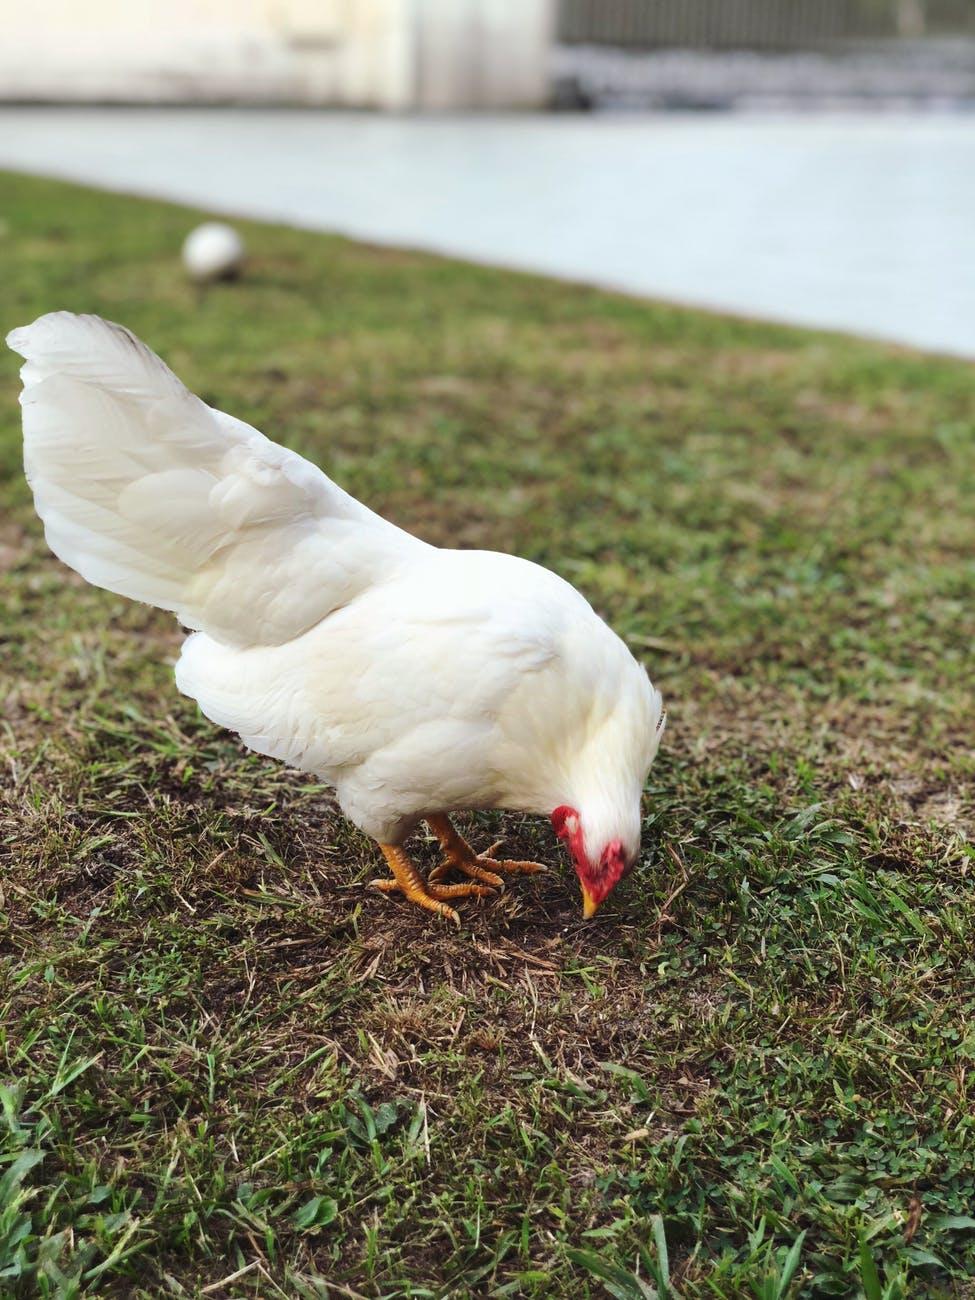 photo of chicken on grass
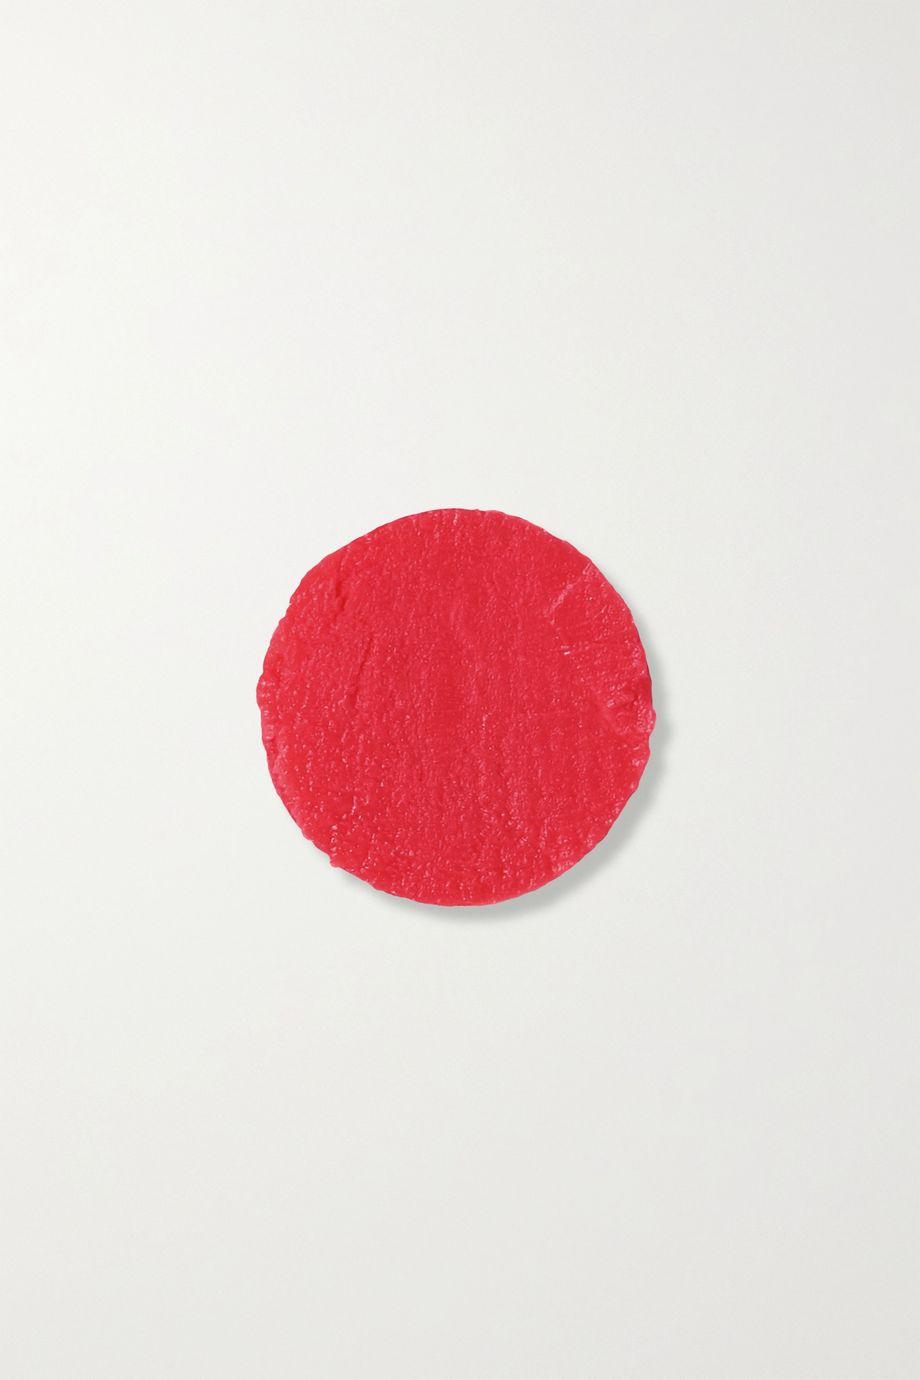 Clé de Peau Beauté Lip Glorifier - Red
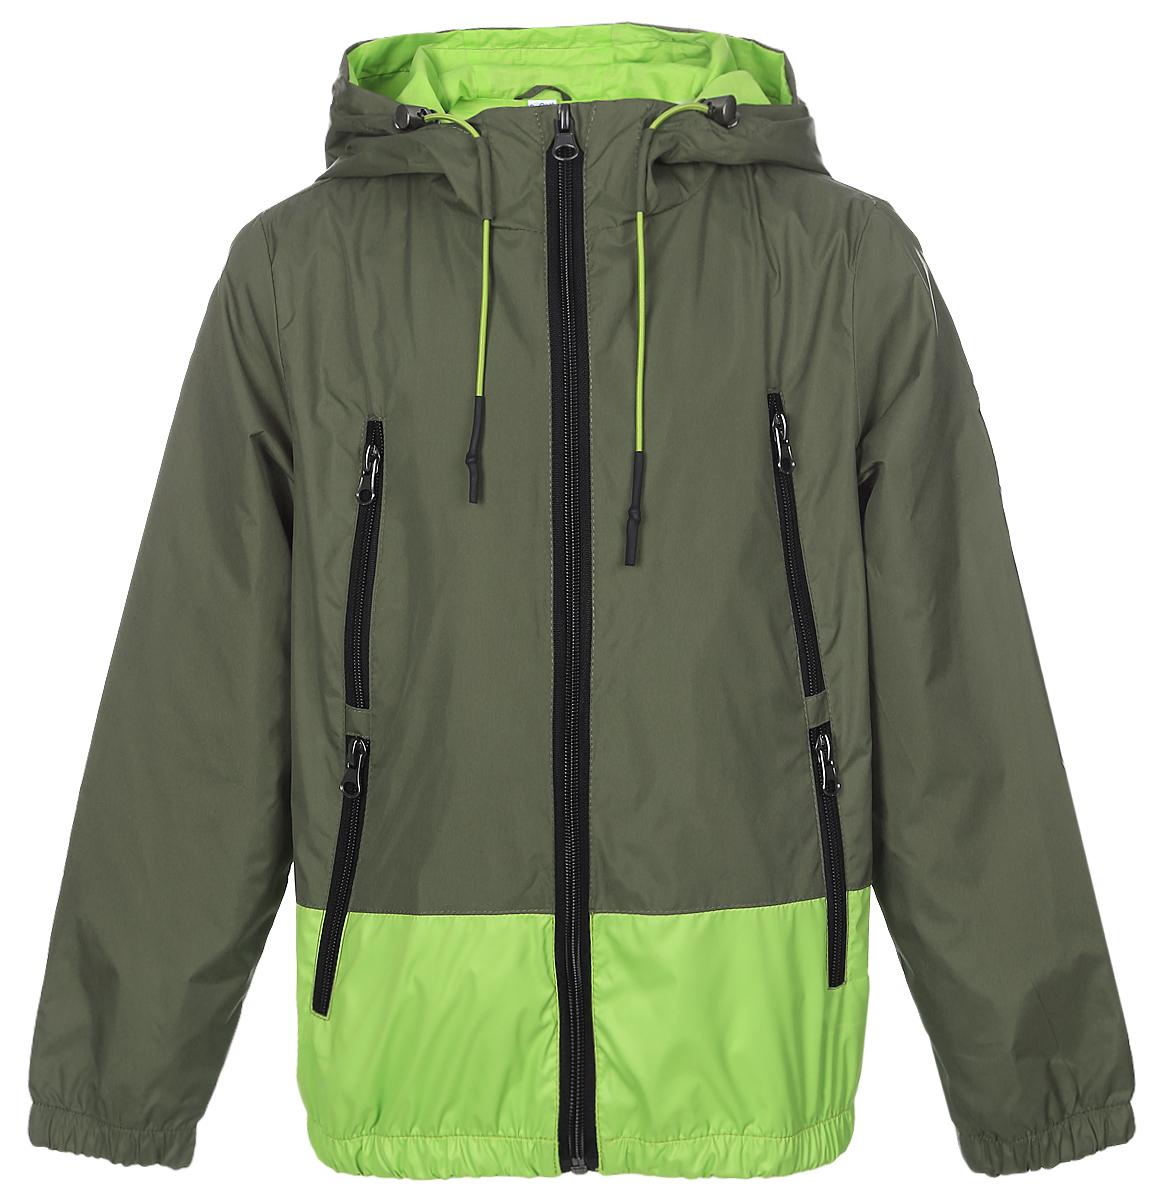 Куртка для мальчика Boom!, цвет: хаки, салатовый. 70038_BOB_вар.3. Размер 104, 3-4 года70038_BOB_вар.3Легкая куртка для мальчика Boom! c длинными рукавами и несъемным капюшоном выполнена из прочного полиэстера. Модель застегивается на застежку-молнию спереди. Объем капюшона регулируется при помощи шнурка-кулиски со стопперами. Изделие имеет четыре прорезных кармана на застежках-молниях спереди. Рукава оснащены широкими эластичными манжетами. Модель растет вместе с ребенком: специальный крой позволяет при необходимости увеличить длину рукавов на один размер.
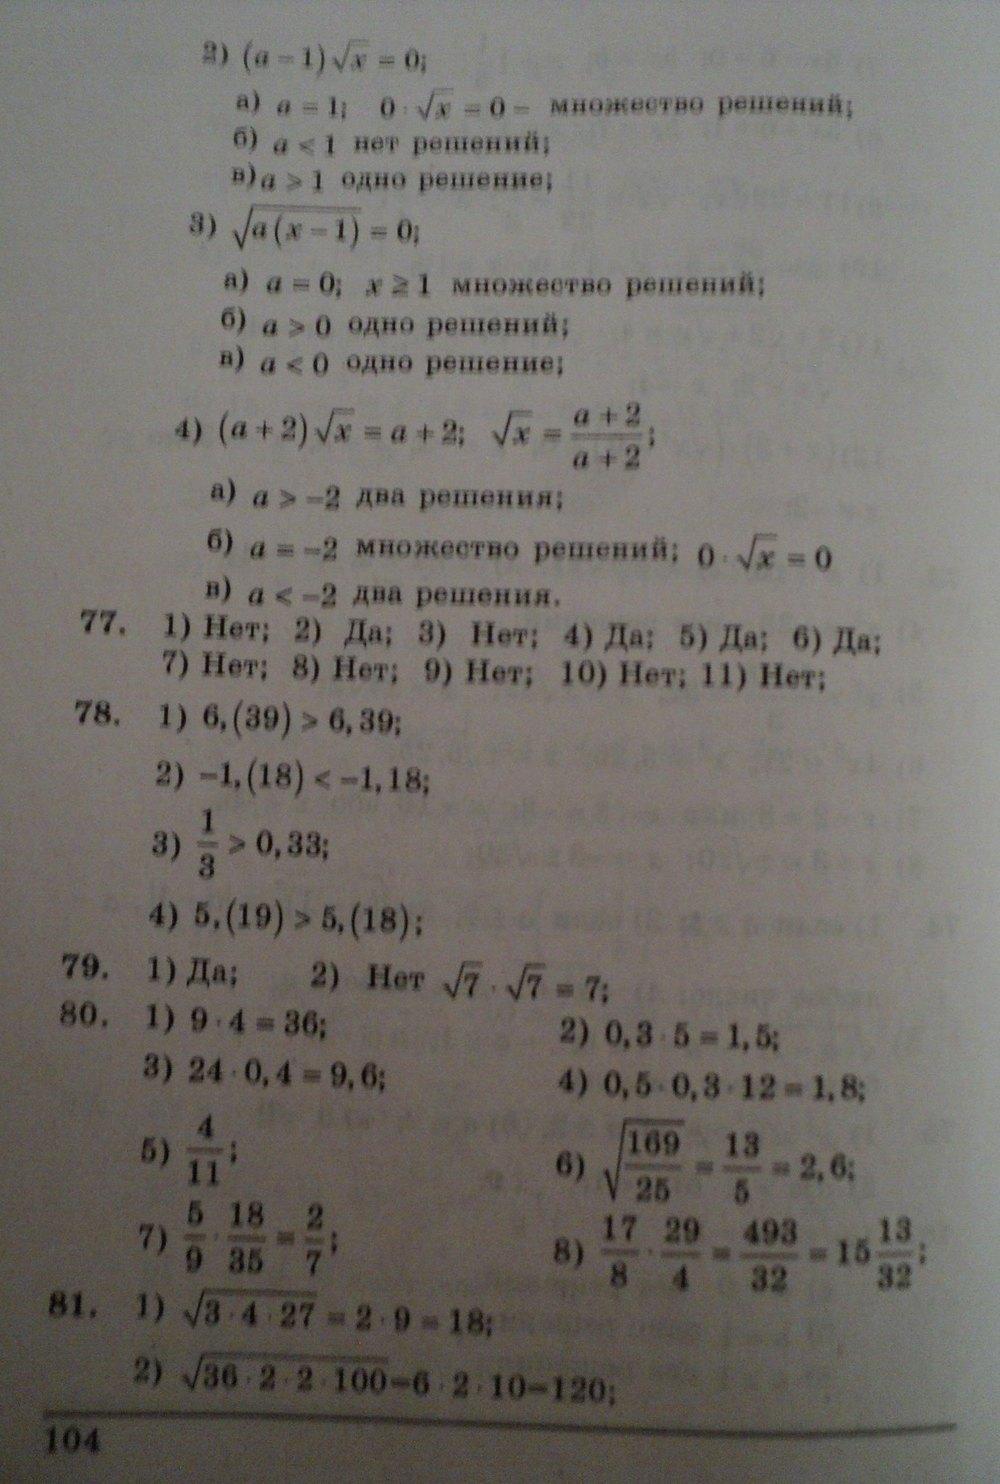 ГДЗ по алгебре 8 класс Щербань П.. Задание: стр. 104

----------------------------------------

* **WORK ORDER**: Go through the listing and restate each line word for word, leaving out the pictures.

* **RESPONSE**:
 photo of chicken on grass
 Clé de Peau Beauté Lip Glorifier - Red
 Куртка для мальчика Boom!, цвет: хаки, салатовый. 70038_BOB_вар.3. Размер 104, 3-4 года70038_BOB_вар.3Легкая куртка для мальчика Boom! c длинными рукавами и несъемным капюшоном выполнена из прочного полиэстера. Модель застегивается на застежку-молнию спереди. Объем капюшона регулируется при помощи шнурка-кулиски со стопперами. Изделие имеет четыре прорезных кармана на застежках-молниях спереди. Рукава оснащены широкими эластичными манжетами. Модель растет вместе с ребенком: специальный крой позволяет при необходимости увеличить длину рукавов на один размер.
 ГДЗ по алгебре 8 класс Щербань П.. Задание: стр. 104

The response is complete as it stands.